Is (who you think you are) getting in the way of (who you can become)? YES. IT. IS. Now read this and find out why.

You have a long list of traits and abilities you self-identify with. I self-identify with being an introvert, meaning it’s not uncommon for me to say, “I am an introvert.”

  • I can’t stop eating chocolate.
  • I don’t have willpower.
  • I don’t like vegetables.
  • I don’t recover well from training.
  • I don’t lose fat easily.

Things you self-identify with are things you are or are not, things you have or do not have, things you can or cannot do.

Sounds silly to clarify the language, but the way the statements above are phrased make them just as True to you as, “I have five fingers on my left hand.” (As long as you do have five fingers on your left hand, of course.)

self-identity anthony mychal

Meaning they are rather fixed traits that can’t be changed.

(Even though now would be a good time to talk about the importance of a growth mindset over a fixed mindset, I’m taking us down a different path.
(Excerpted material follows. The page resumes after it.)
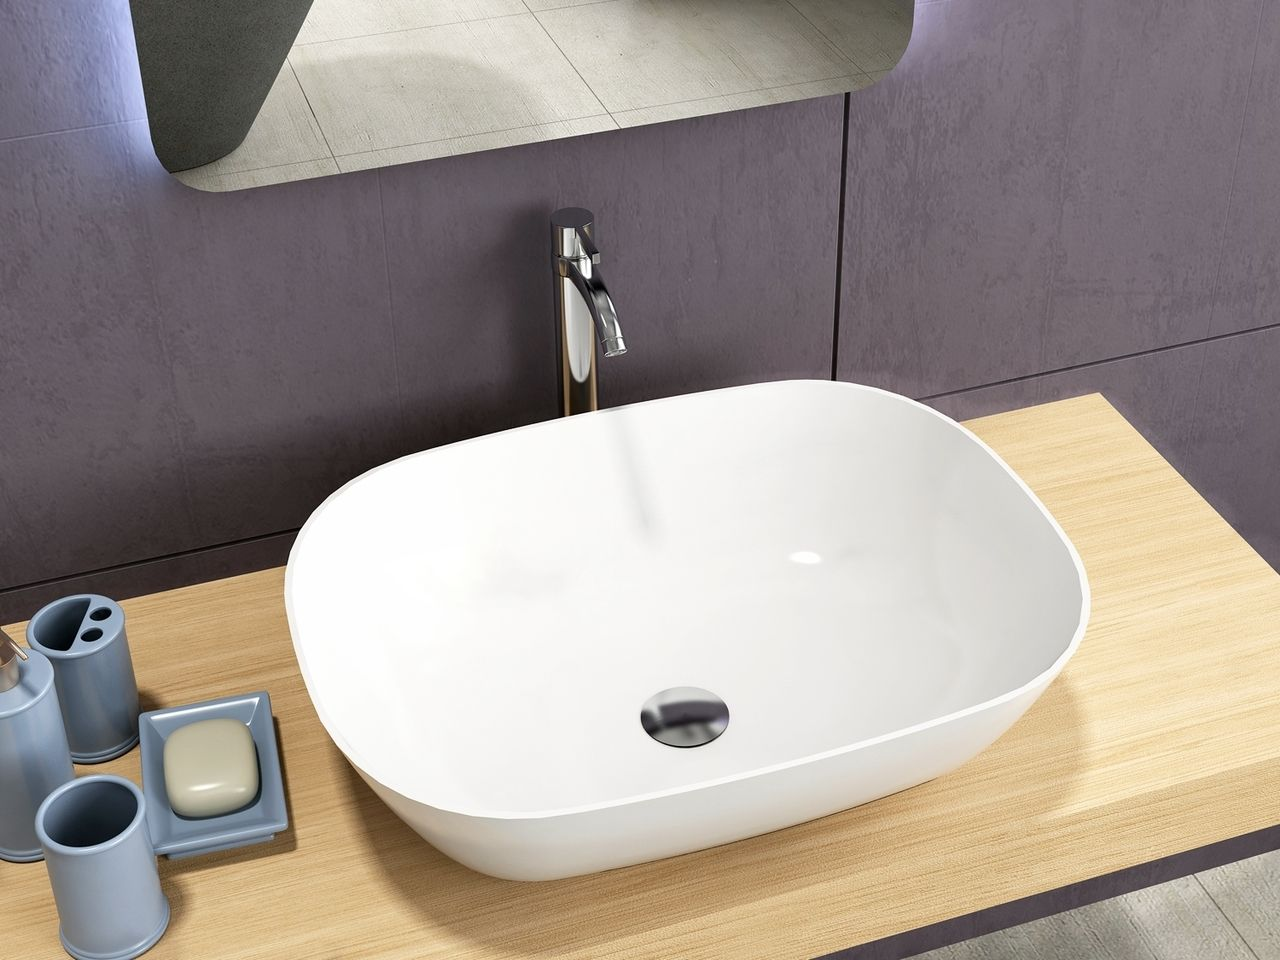 90210 Kitchen U0026 Bath   Great Quality, Affordable Pricing On Freestanding  Bathtubs, Bathroom Vanities, Sinks

If you’re interested in the path I’m choosing to ignore, check out Mindset.)

I suppose self-identifying with things in this fixed manner wouldn’t be tremendously terrible if the things you’re self-identifying with are True.

But this isn’t usually the case.

Which is no bueno for you.

Because self-identifying with things that aren’t True is like sawing off your big toe right before you’re about to run a marathon.

Your storytelling brain

Your brain loves stories. It not only understands the three parts (beginning, middle, end) of a story, but also recognizes when a part is missing.
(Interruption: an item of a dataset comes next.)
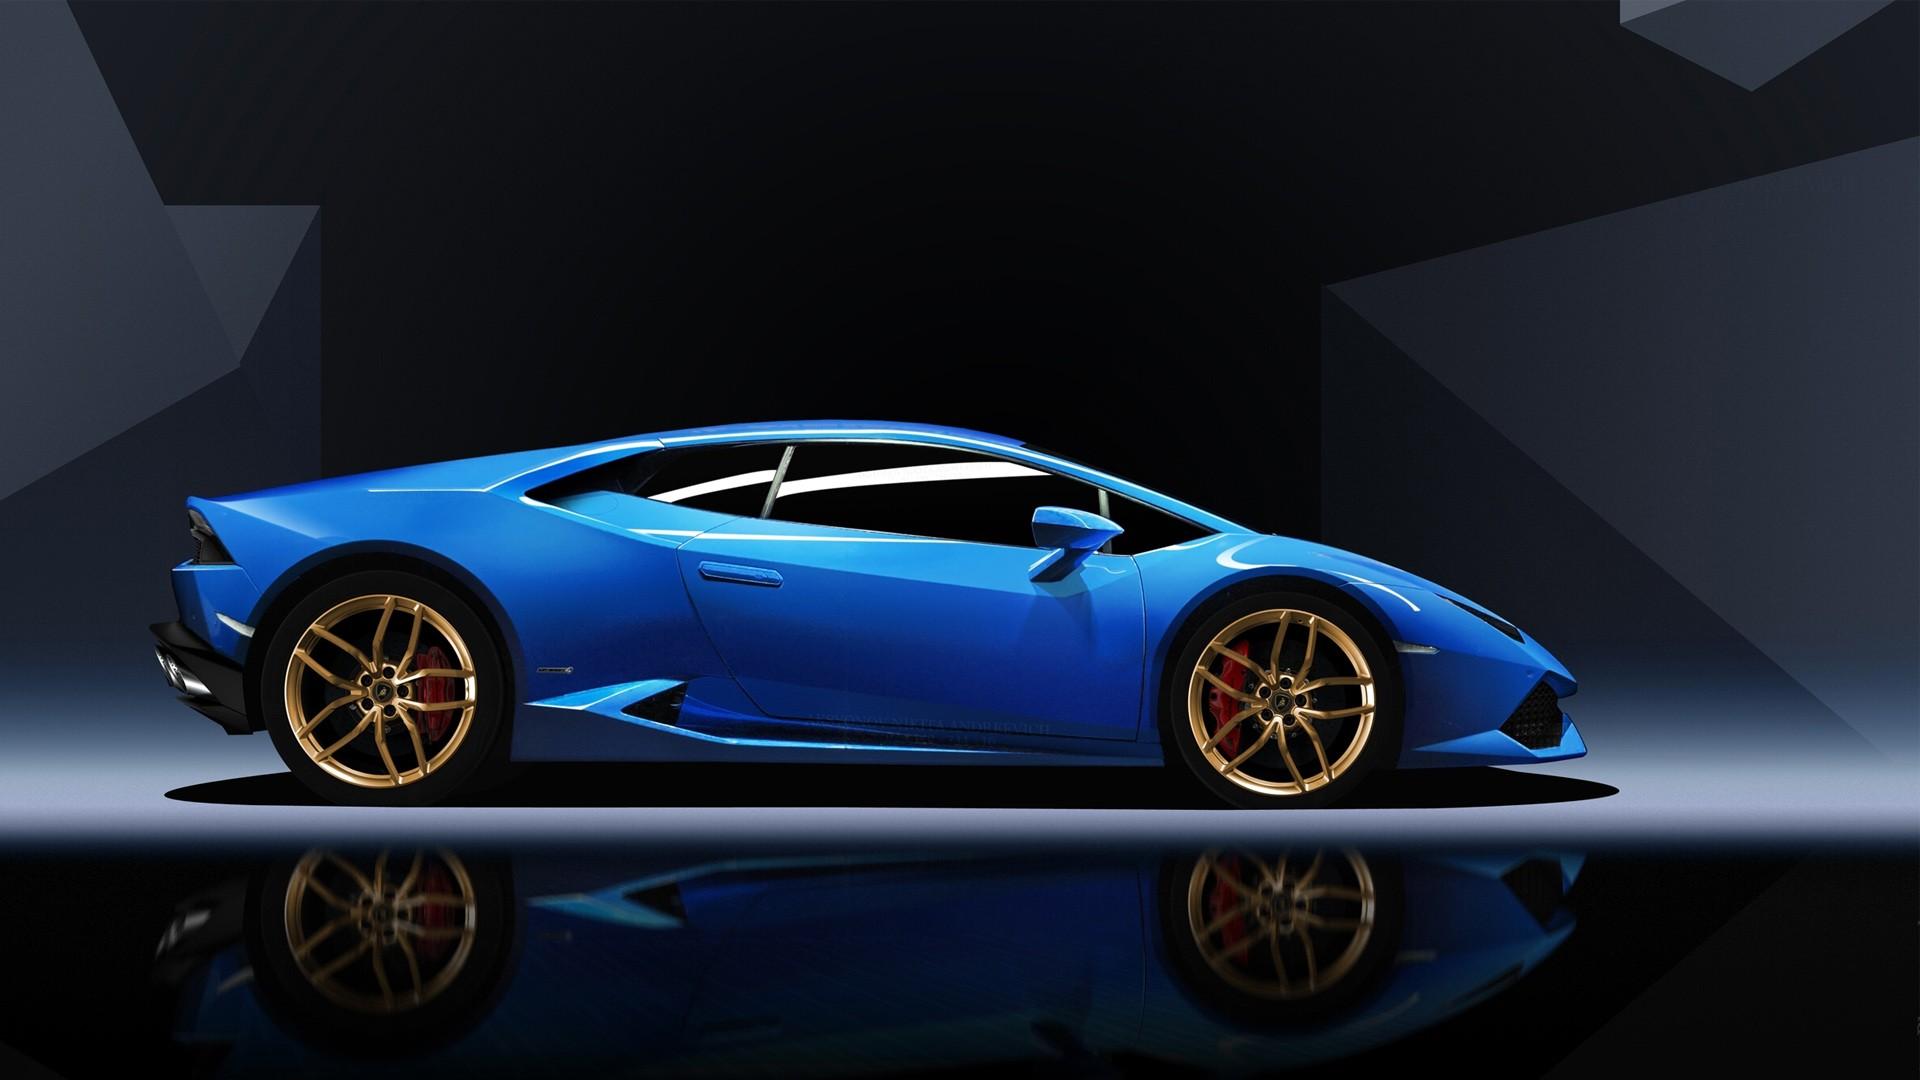 Sports Car Wallpaper Lamborghini 3d Blue Lamborghini Huracan Wallpaper Hd Car Wallpapers

Once upon a time, the end.

You’re probably itching all over. The story doesn’t make sense, and your brain doesn’t like when things don’t make sense. This isn’t Wonderland. You need to survive. You can’t do that well if you’re constantly confused.

So your brain uses a rather elegant strategy to make sense of situations that don’t readily make sense: lie. Fill in the gap with something, anything, that makes enough sense. And then move on.
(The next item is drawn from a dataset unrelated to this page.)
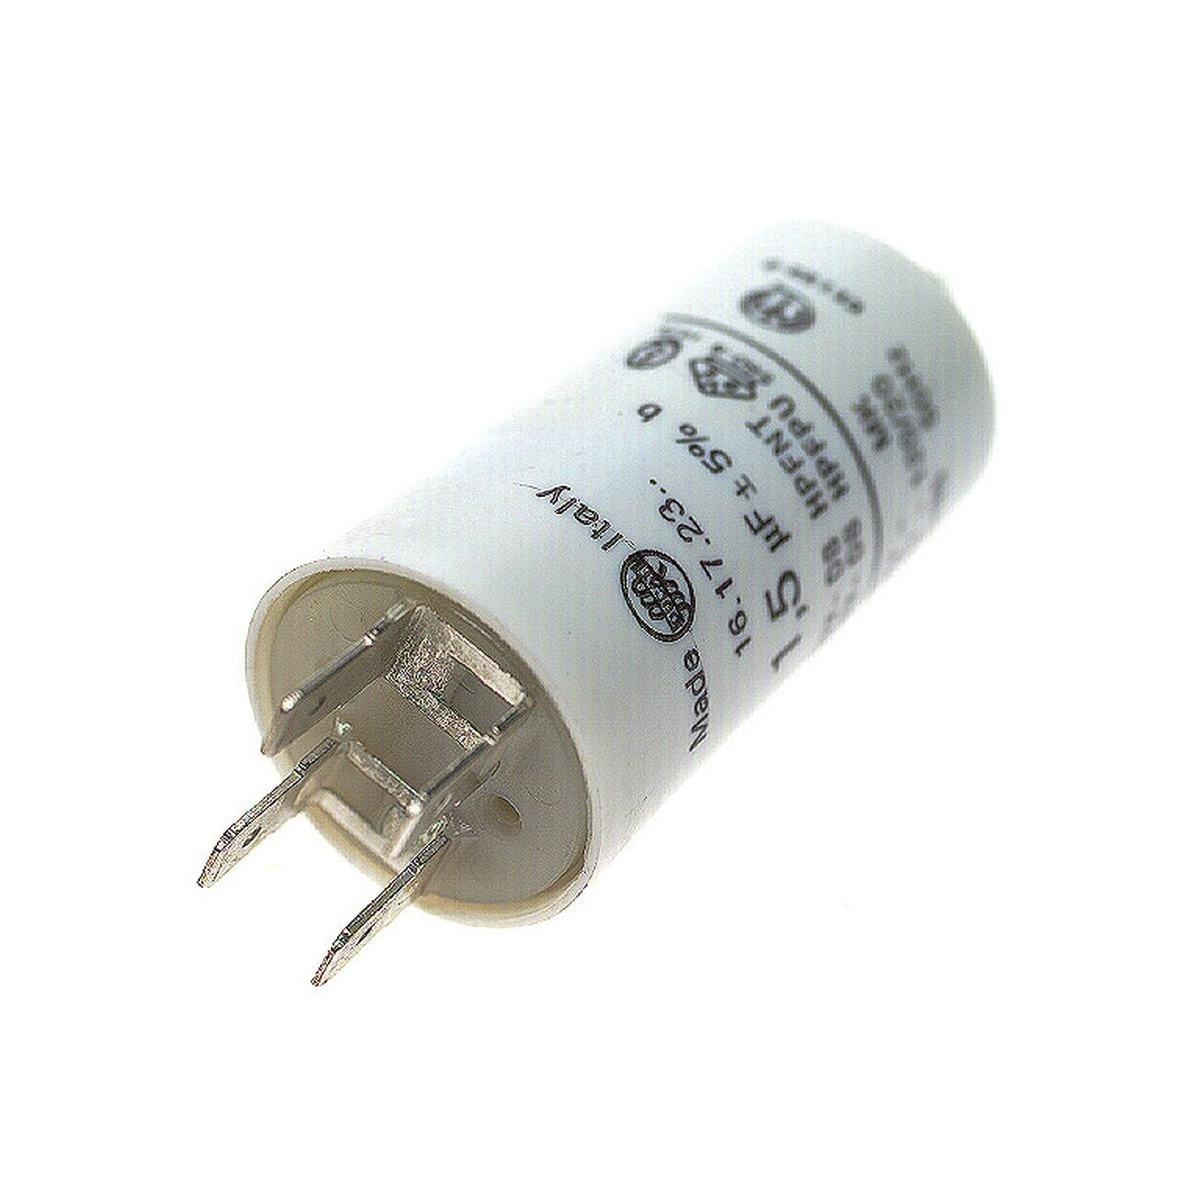 Kondensator 4,0 µF 450V

How we self-identify with stories

The things you self-identify with don’t escape from a vacuum. They are conclusions you’ve made based on events you experienced.

I tried to stop eating chocolate. I didn’t stop eating chocolate. I suppose I just can’t stop eating chocolate. I ate a piece of broccoli. I didn’t like the taste. I suppose I just don’t like vegetables. 

I self-identify with being an introvert because I’m not personable around people I don’t know. Social situations I’m not comfortable with give me anxiety.

Your mindset also plays a role in the conclusions you make.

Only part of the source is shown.